Tirone worked in Rosenblatt's lab, analysing the DNA of patients with the cblC type of combined homocystinuria and methylmalonic aciduria, an inherited disease that impairs the body's ability to handle vitamin B12. Jordan Lerner-Ellis, a friend and co-student, continued Tirone's project, ultimately identifying the gene now known as MMACHC.
Vitamin B12, found exclusively in animal products, is crucial for synthesizing red blood cells and maintaining the nervous system. It also keeps homocysteine levels in check, reducing the risk of heart disease, stroke, and dementia. Patients with cblC typically face anemia, developmental delay, visual impairment and a high risk for seizures.
The disease usually becomes apparent during the first few months of life, although adolescent or adult onset does occur. One-third of babies with early onset symptoms of the disease die within the first year. The identification of MMACHC allows doctors to diagnose the disease much earlier than previously possible — usually within a week of birth. Earlier diagnosis dramatically increases the survival rate.
"We're also able to assess, at the molecular level, whether family members are carriers," says Rosenblatt. "This is important to know because if you're not a carrier, even if someone in your family has the disease, you have no risk of passing the disease to your children." There are also applications for pre-natal, and pre-in vitro implant, diagnosis.
Worldwide, there are approximately 350 people living with the disease. Current treatment involves twice-weekly injections of high vitamin B12 doses for life. "The results are not superb," admits. Rosenblatt. "I'm not the type to overhype things and we don't expect any improvements in the short term, but identifying the MMACHC gene will hopefully lead to more effective treatments."
Working with the laboratory of James Coulton, Department of Microbiology and Immunology, Rosenblatt's team used computer modelling to demonstrate the similarity between the protein encoded by the MMACHC gene and a protein involved in bacterial vitamin B12 metabolism. The information will contribute to understanding how all humans use the vitamin.
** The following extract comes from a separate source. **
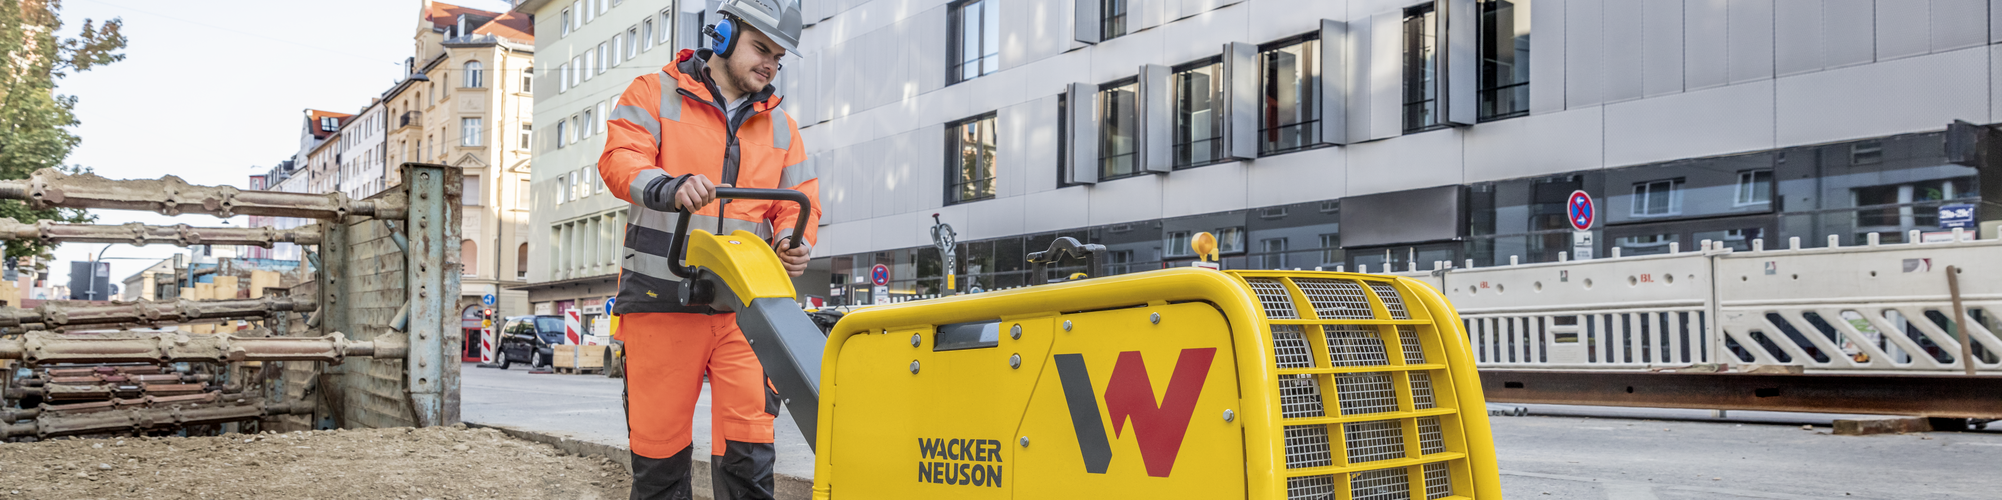 Una plancha vibratoria de Wacker Neuson en acción en una obra en la ciudad.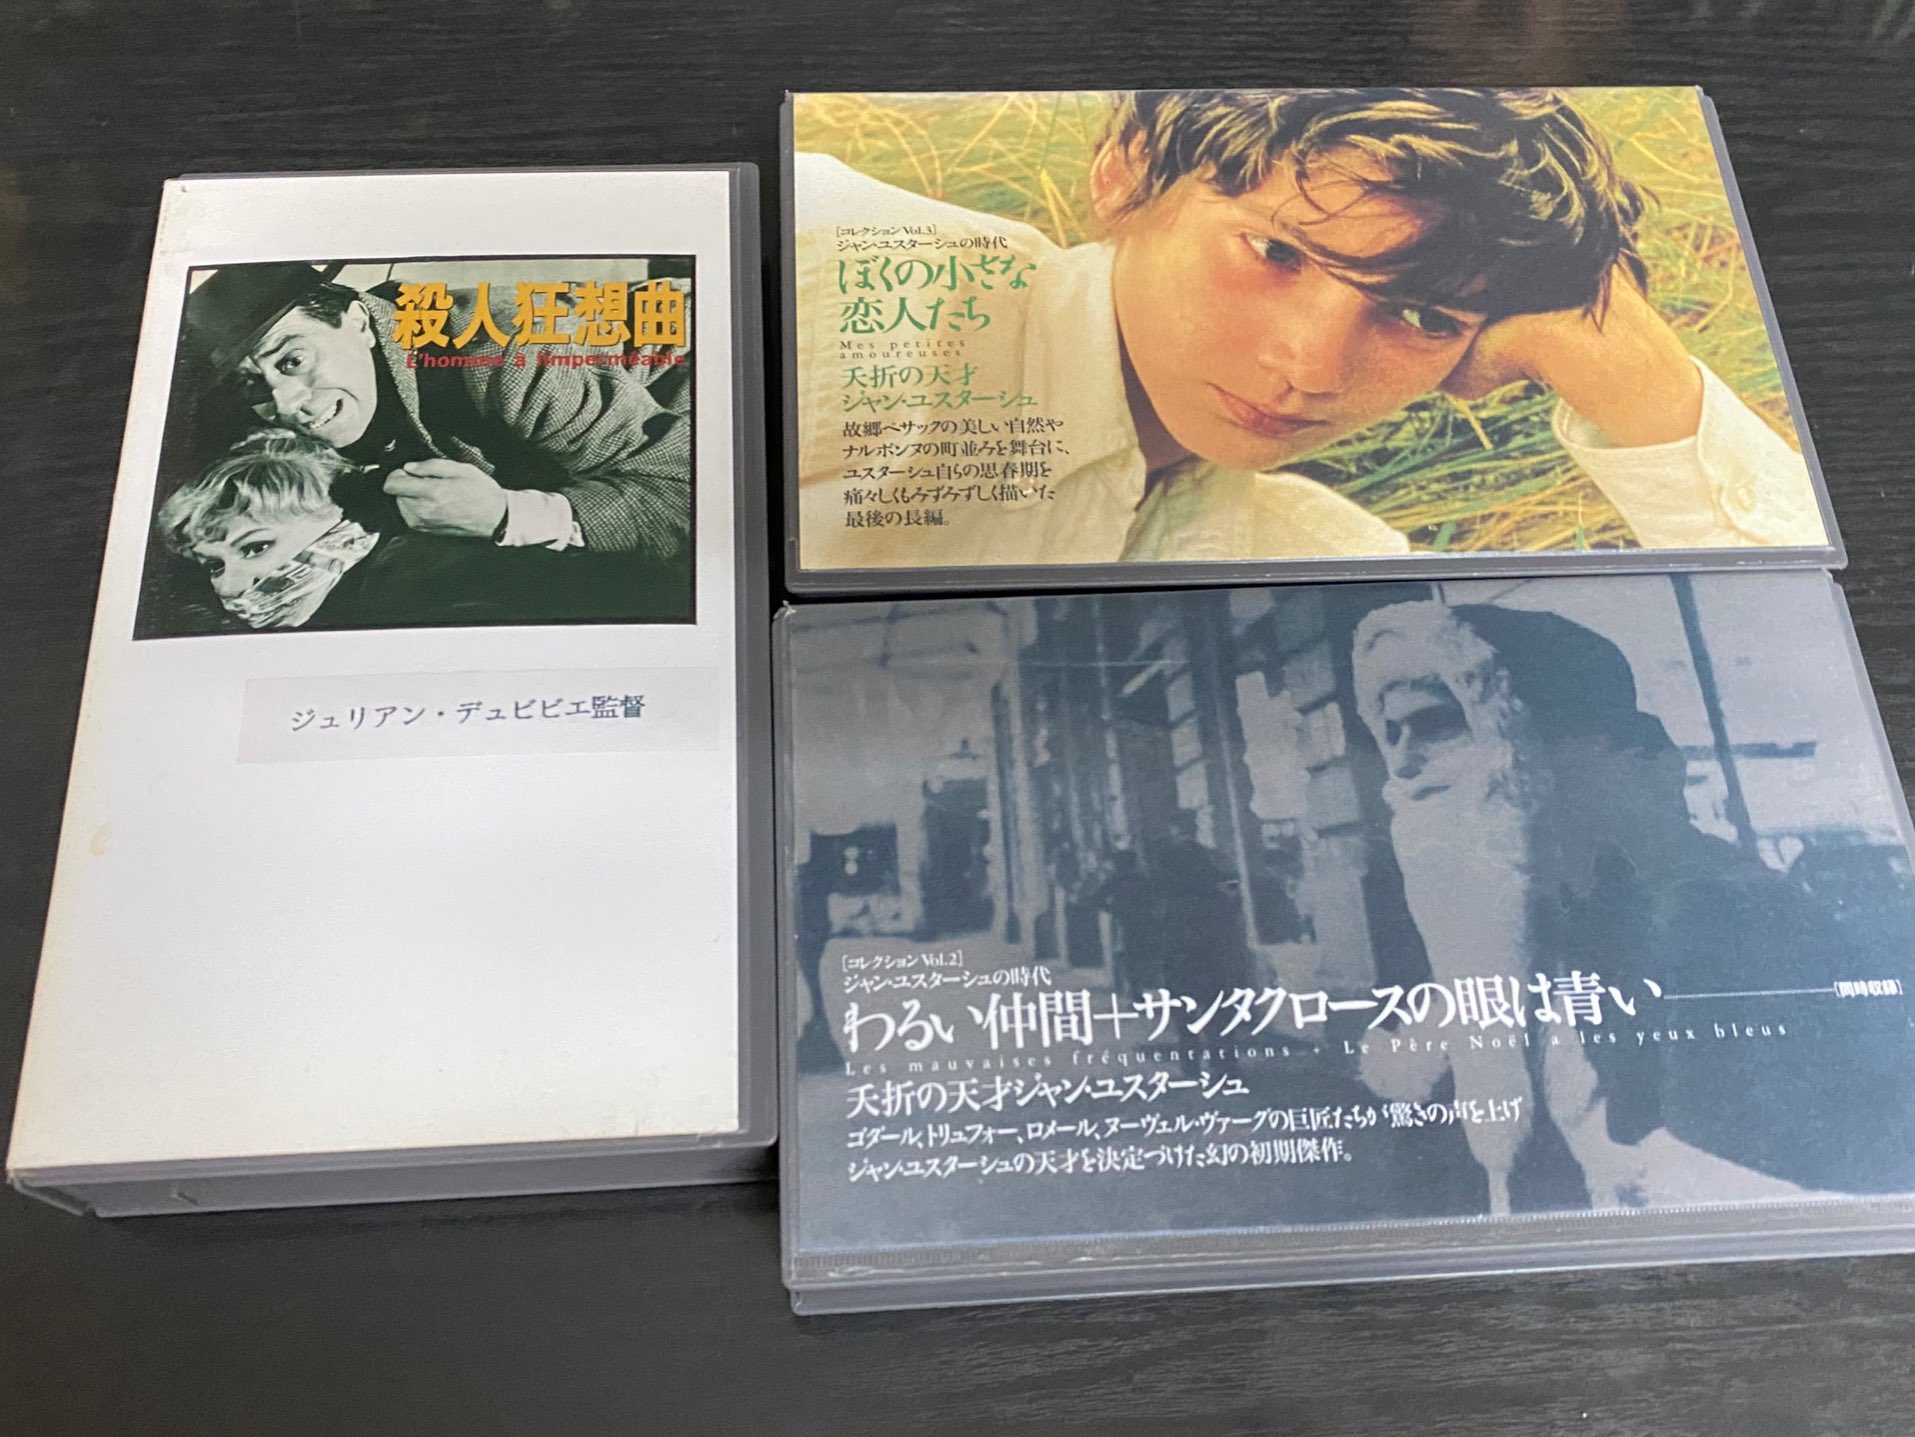 takki521 on Twitter: "稀少なVHS作品を扱う京都市内の #ふや町映画タウン 情報です。 きょうは夭折の天才 #ジャン

"Diagnosis, risk assessment and treatment are obviously important for patients and their families," says Rosenblatt, "but we're also learning how normal people handle vitamin B12 — and knowing how vitamins work is of great general importance.
"Vitamin B12 deficiency in adults is usually due to faulty absorption or inadequate diet — for example, a strict vegan diet. In addition, vitamin B12 deficiency is more common in the elderly. The study of the rare diseases of vitamin B12 metabolism teaches us a great deal about the mechanism whereby vitamin B12 deficiency causes disease. Knowledge about how the vitamin works may allow us to recognize earlier signs of deficiency in the general population."
Rosenblatt says the researchers relied greatly on the expertise of colleagues in the Department of Human Genetics and the McGill University Genome Quebec Innovation Centre. He credits the project's success to "the superb collaborative environment at McGill."
"At a memorial service held for Jamie," he recalls, "Father Robert Clark expressed the hope that someone else in the laboratory would take over the project that was so important to Jamie. Jordan took up the challenge and with hard work succeeded in finding the MMACHC gene."